While some backend languages like Node and Go support doing this work in parallel, many langages and tools like Rails don’t. And even then, there is some work to be done to make sure that it works in parallel. For instance, this is what it might look like in Node to make sure none of these requests block each other:

1
2
3
4
5
6
7
8
9
10
11
12
13
async function getUser(id) {
    let infoPromise = getInfo(id);
    let groupsPromise = getGroups(id);
    let twitterPromise = getTwitterInfo(id);

    let [info, groups, twitter] = await Promise.all([infoPromise, groupsPromise, twitterPromise]);

    return {
        ...info,
        ...groups,
        ...twitter,
    }
}

Not overly complicated, but just enough that in practice, it wouldn’t be done unless there was an obvious performance problem. But this eats away at performance slowly. Because of the nature of UI development, it is usally simpler for front end clients to impliment this concurrency.
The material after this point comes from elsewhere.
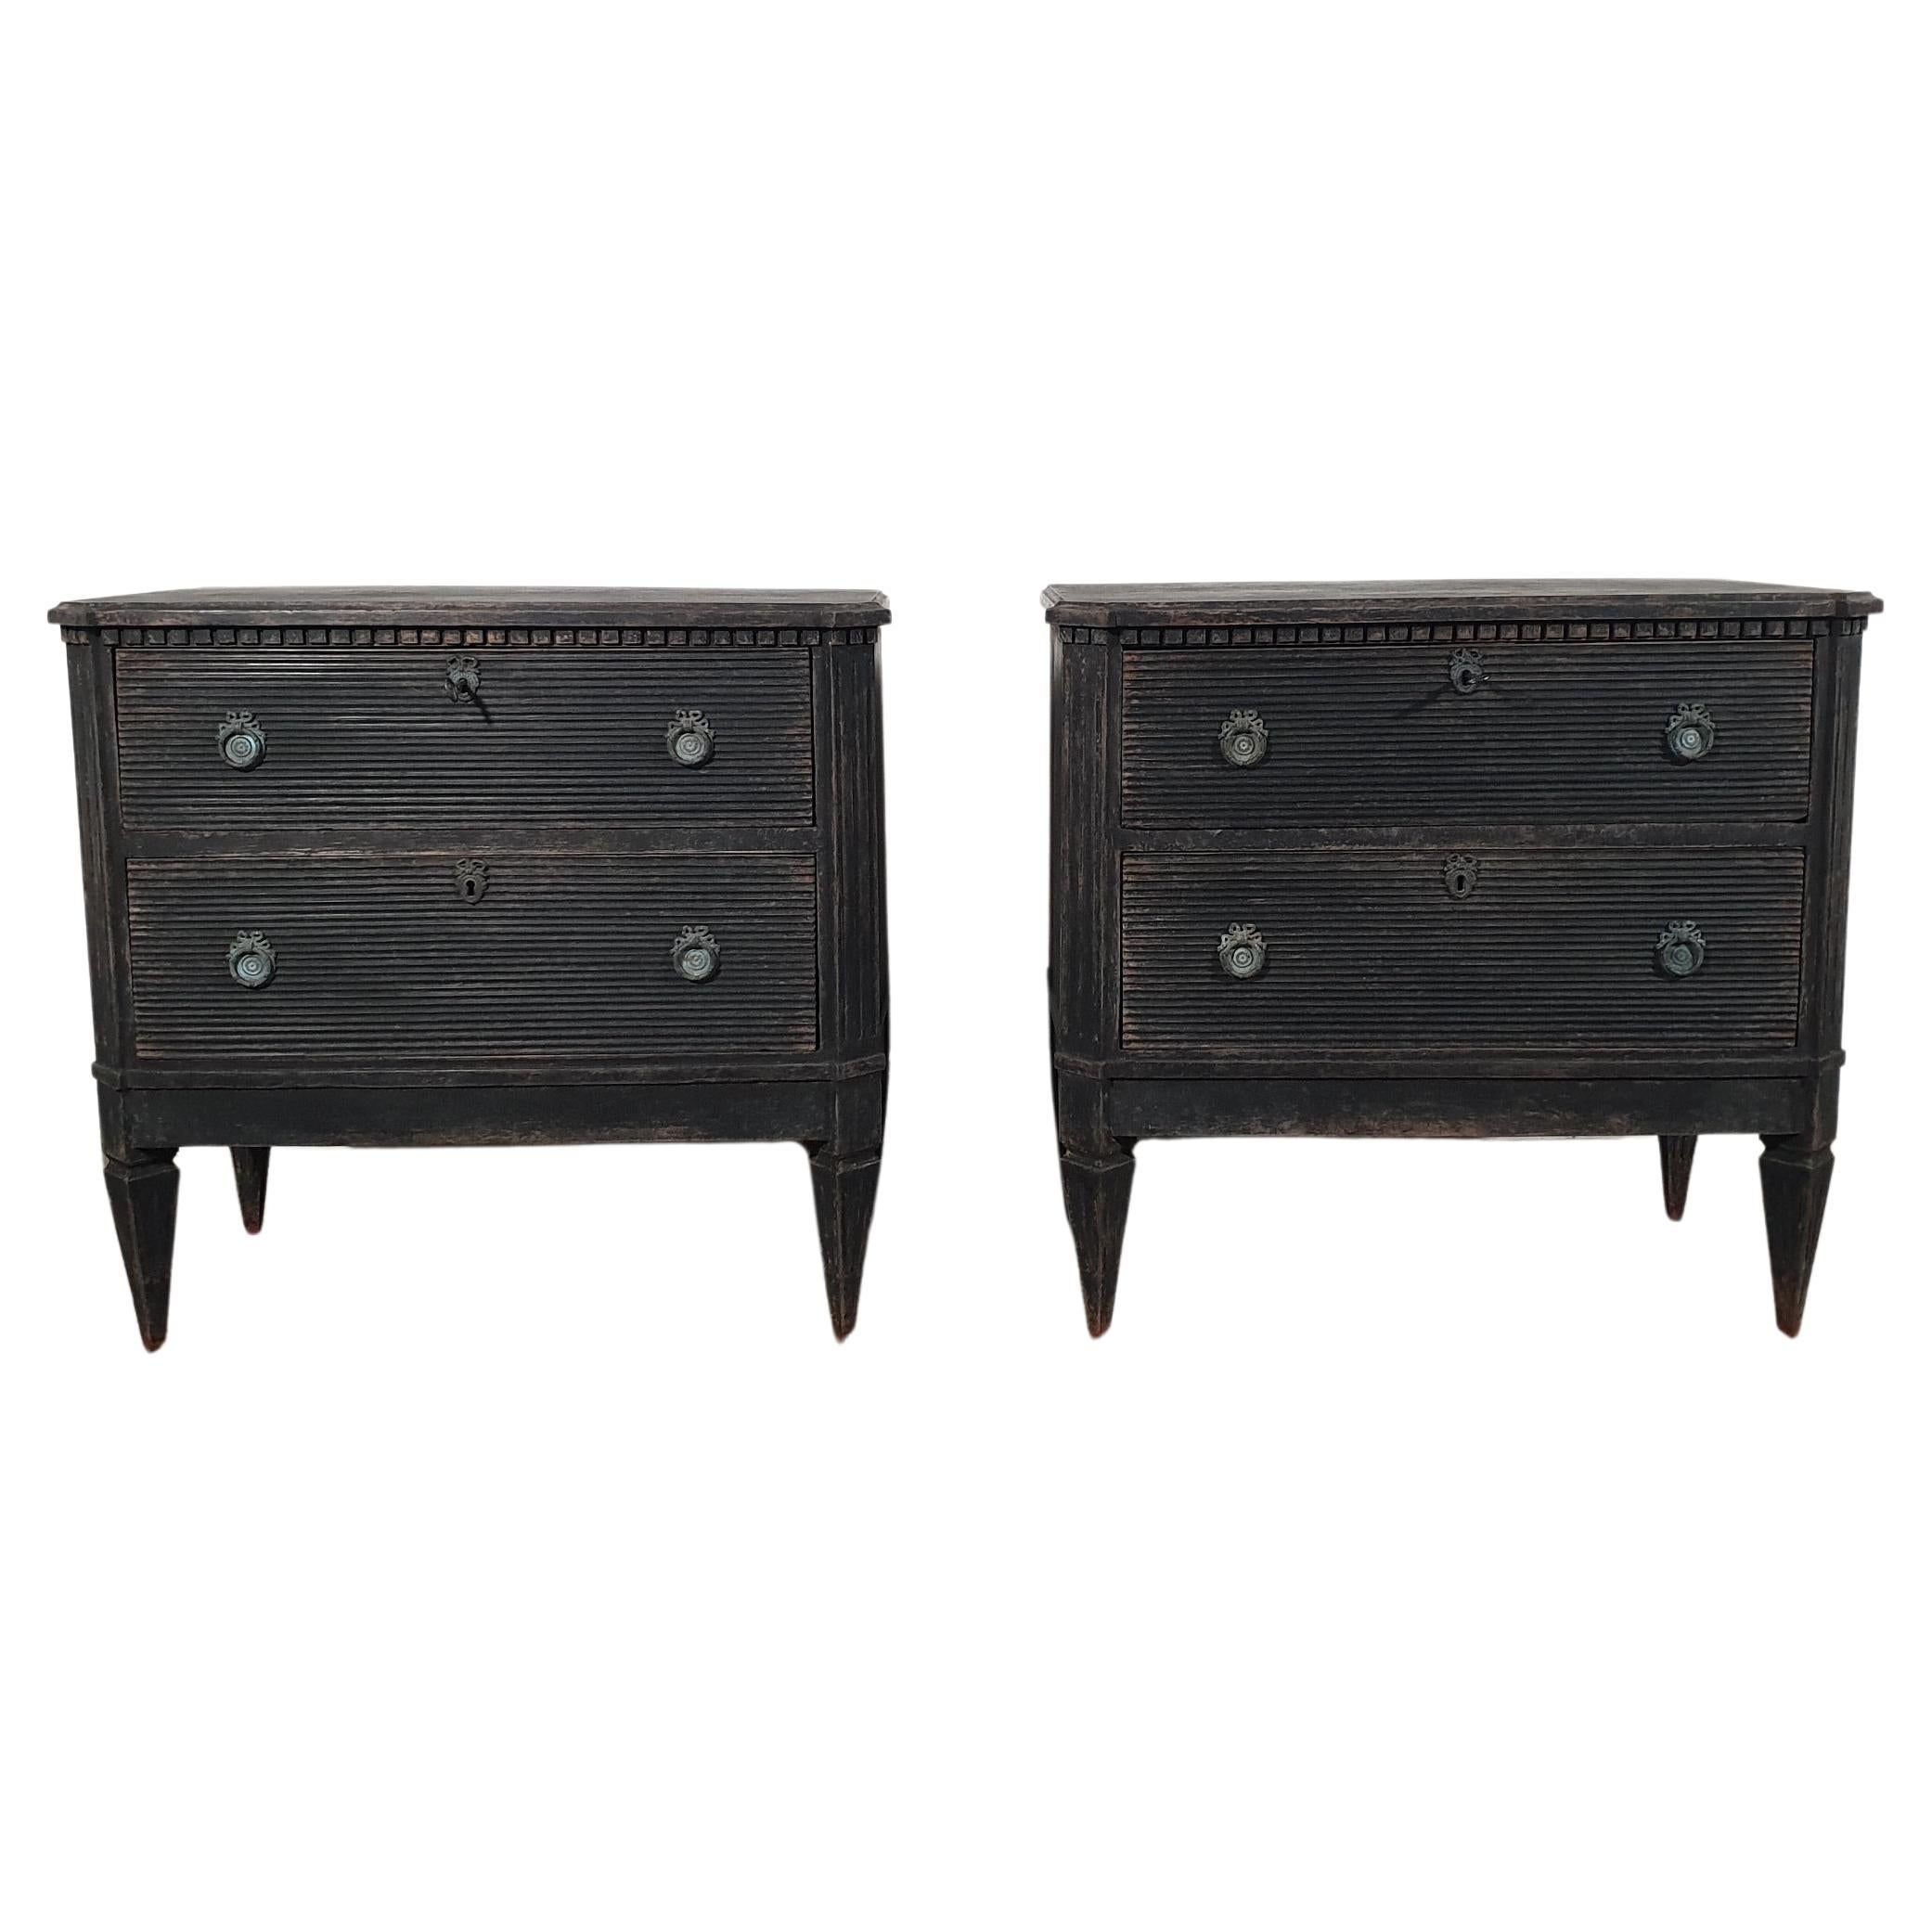 Pair of Swedish Gustavian Style 1870s Painted Chests with Two Fluted Drawers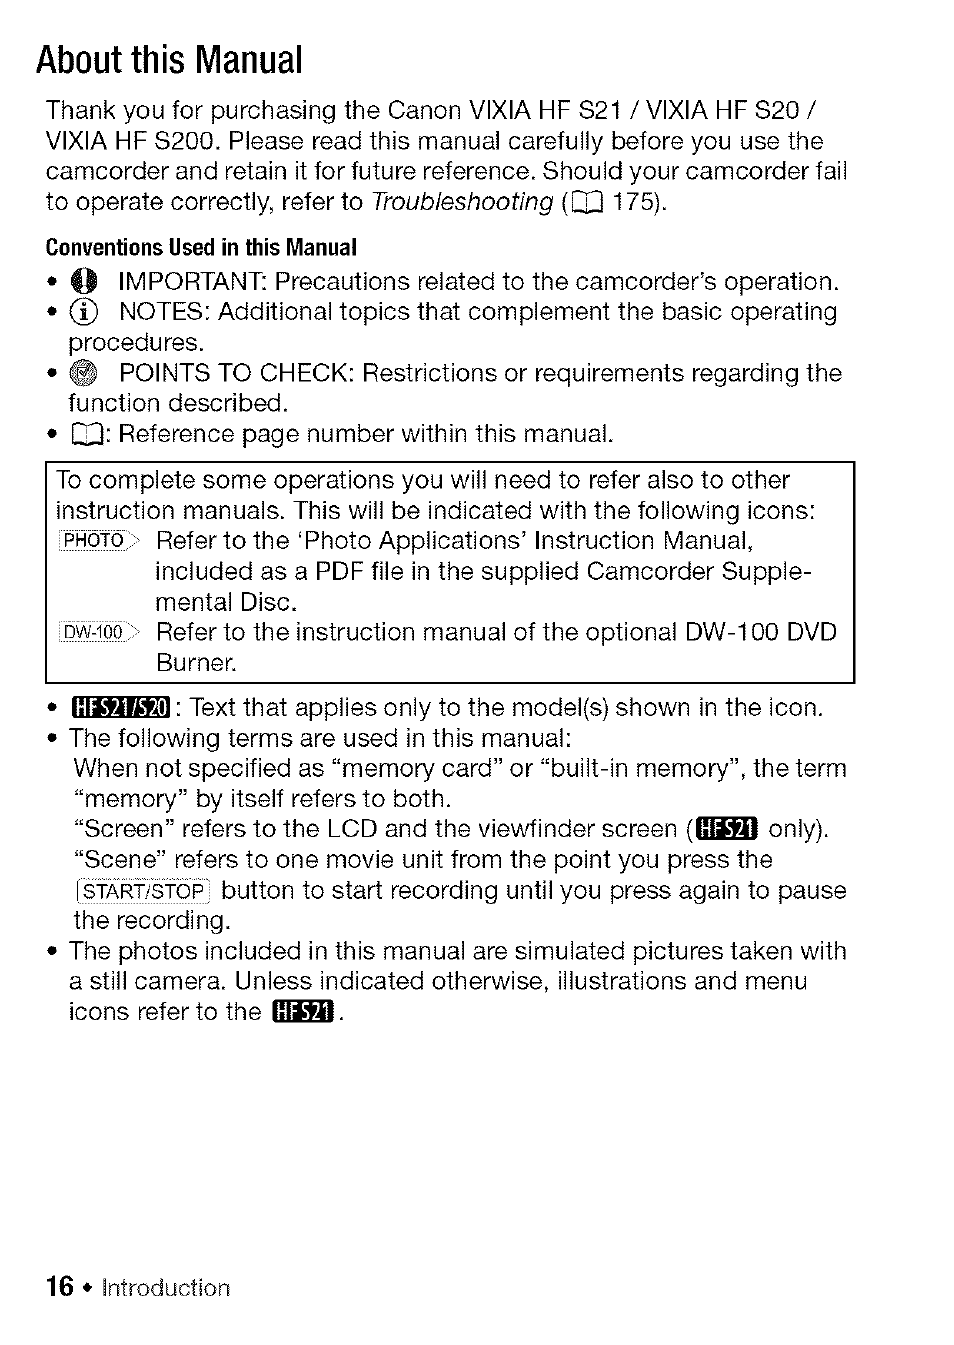 About this manual | Canon HF S21 User Manual | Page 16 / 104

In contrast, when you send multiple http requests in parallel, regardless of what backend service you are running, it will always operate concurrently. A rails backend will use multiple processes or threads as needed, Node will use it’s async IO to handle each request, Go will use it’s full concurrency to process requests, and all of them will scale out to other servers if they are behind a load balancer.

This also makes the api simpler and easier to understand. Instead of having endpoints that are buckets of random information, you can see what data is being retrieved by it’s endpoint. Maybe not pure REST, but something very close to it. This, in turn, makes the api more flexible. When the design is updated to exclude twitter from a profile page, the client can just stop requesting it. In the first, combinded approach, that info would likely need to remain in the api so that apps that haven’t been updated yet, or user’s that haven’t updated yet, will continue to work.

Clients also have the flexibility of progressively loading views as data becomes available. We already do this regularly with profile photos. It is almost unheard of to have a profile screen that doesn’t show you information about a person until their profile pic has loaded. Instead we show what we have and display the image when it’s available. We can do the same thing with our api responses, especially if the information at the top of the screen loads first (and it often does because the data is simpler). In this case, the data that is still be loaded is likely “below the fold” and not visible until the user scrolls anyway.

Finally, not all data is equal. In a modern client side app, you can (and should) cache api responses for quicker viewing, even if it’s just in memory. When a user lands on a page, if there is data already in the cache, you can show that again, and either asynchronously request a more up to date version or just avoid another request entirely if it hasn’t been very long since the cached version was loaded. But, some data isn’t updated as frequently as other data. Or it might be shared between pages. General site wide information that is needed to render a profile page only needs to be loaded the first time you visit a profile. Then on other profile pages you can just re-use what you already have cached. Or, you might have some data that changes frequently and you want to load that every time the user views a profile, but things like name and address are likely to remain the same for a while.

When to avoid separate endpoints

Of course, it’s not always a great idea to break everything up.

If a request is dependent on another request, it’s best to combine them. For instance, if you really needed to know the last meeting for each of a users groups, if it wasn’t included in the list of groups you would need to first request the list of groups and then independently look up each groups last meeting after that requests loads.

If it can be combined into a single SQL satement (or equivalent), you’re probably better off just including it. Most db servers are still using a serial protocol just like HTTP/1.1 was, but more importantly can optimized combined queries better than they can individual ones.